Description
A flavorful and aromatic stir-fry featuring tender chicken thighs, fresh vegetables, and the unique taste of lemongrass.
Ingredients
Scale
- 2 tablespoons vegetable oil
- 2 stalks lemongrass, finely minced
- 4 cloves garlic, minced
- 1 inch piece of ginger, grated
- 1 pound boneless, skinless chicken thighs, sliced into thin strips
- 1 red bell pepper, sliced
- 1 cup snap peas, trimmed
- 3 tablespoons soy sauce
- 1 tablespoon fish sauce
- 1 tablespoon brown sugar
- 1 teaspoon lime juice
- Fresh cilantro, for garnish
- Cooked jasmine rice, for serving
Instructions
- Heat the vegetable oil in a large skillet or wok over medium-high heat. Add the minced lemongrass, garlic, and ginger, and sauté for about 2 minutes until fragrant.

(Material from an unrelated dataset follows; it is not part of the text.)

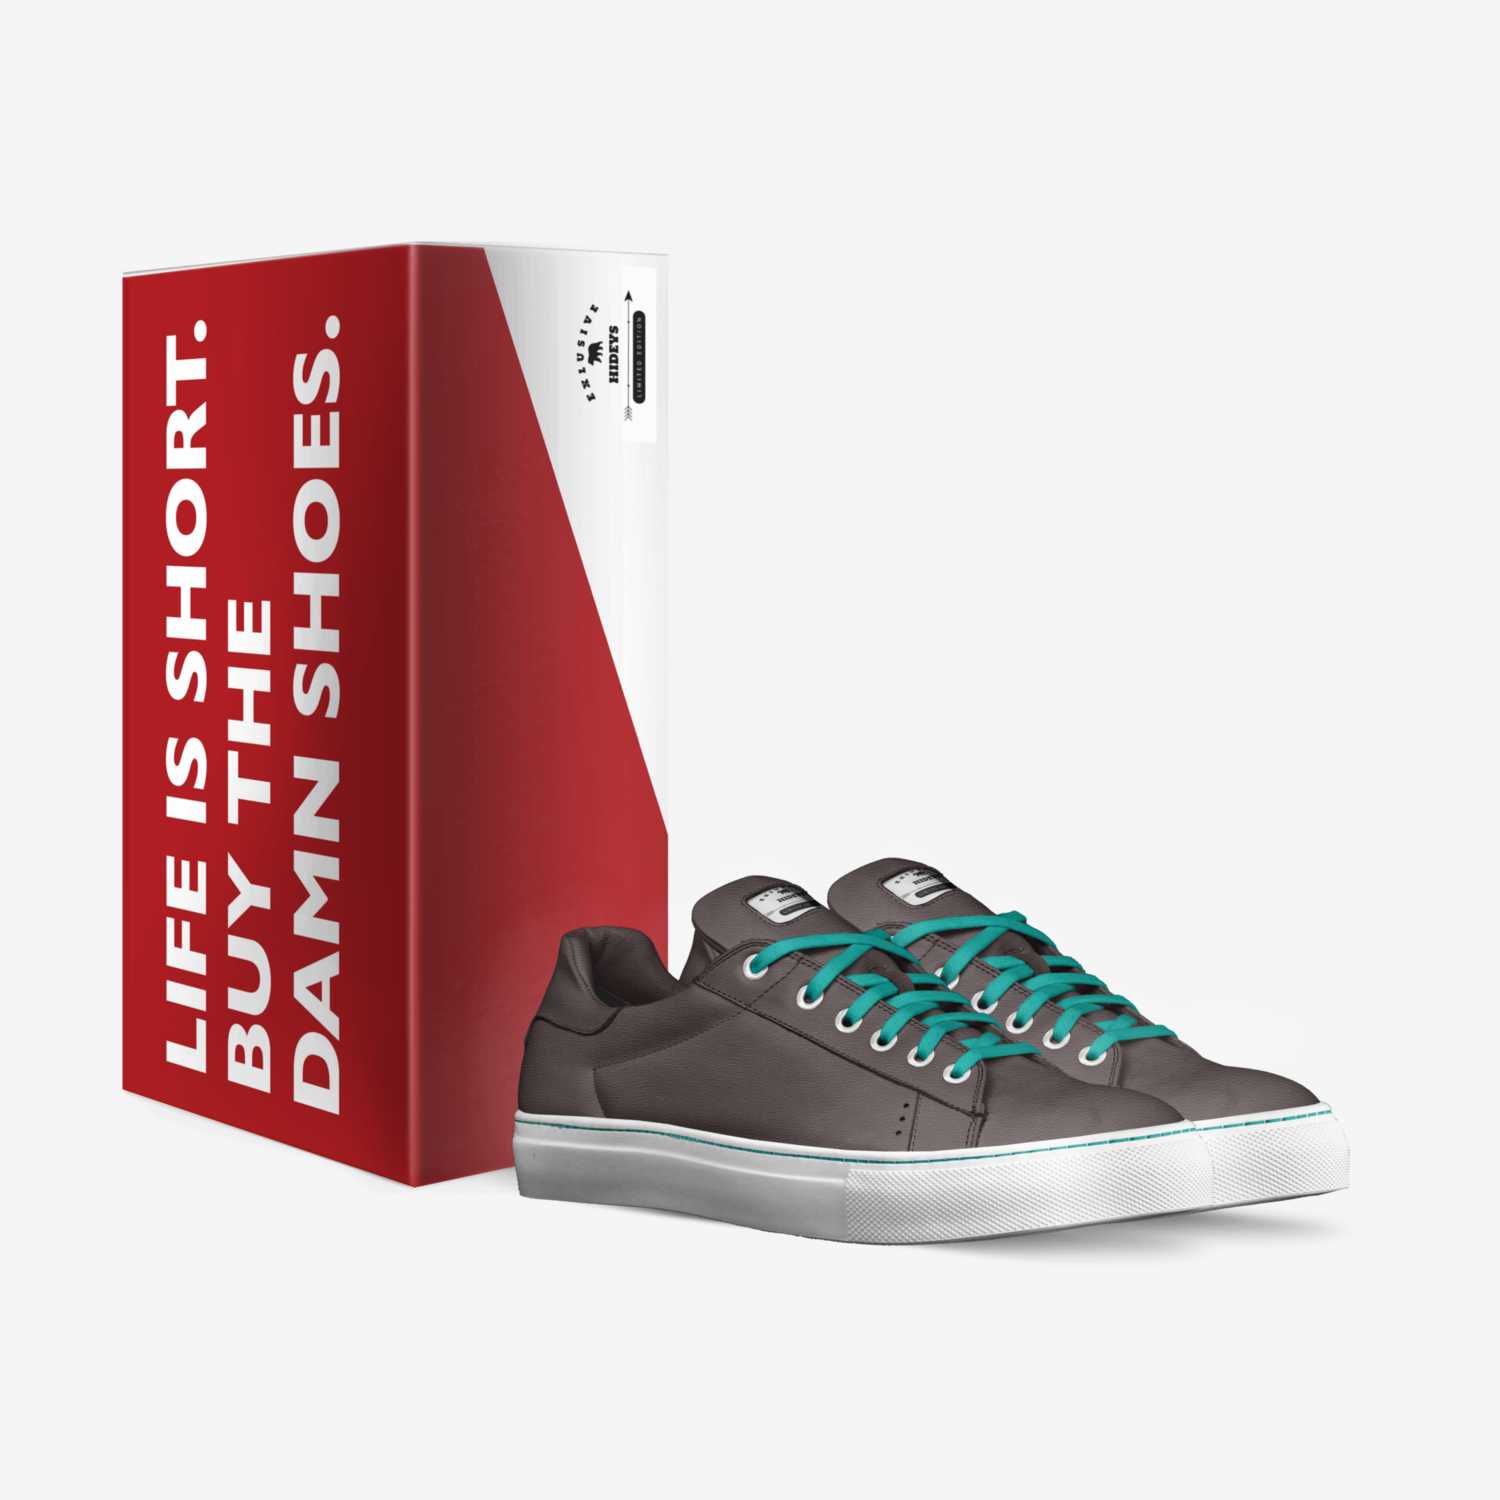 Hideyss custom made in Italy shoes by Braidon | Box view

- Add the sliced chicken thighs to the skillet and cook for 5-7 minutes, stirring frequently, until the chicken is browned and cooked through.
- Stir in the sliced red bell pepper and snap peas, cooking for an additional 3-4 minutes until the vegetables are tender-crisp.
- In a small bowl, whisk together the soy sauce, fish sauce, brown sugar, and lime juice. Pour this mixture over the chicken and vegetables, stirring to combine. Cook for another 2 minutes to heat through.
- Remove from heat and garnish with fresh cilantro. Serve over cooked jasmine rice.
Notes
- For a spicier kick, add sliced red chili peppers or a dash of sriracha to the stir-fry.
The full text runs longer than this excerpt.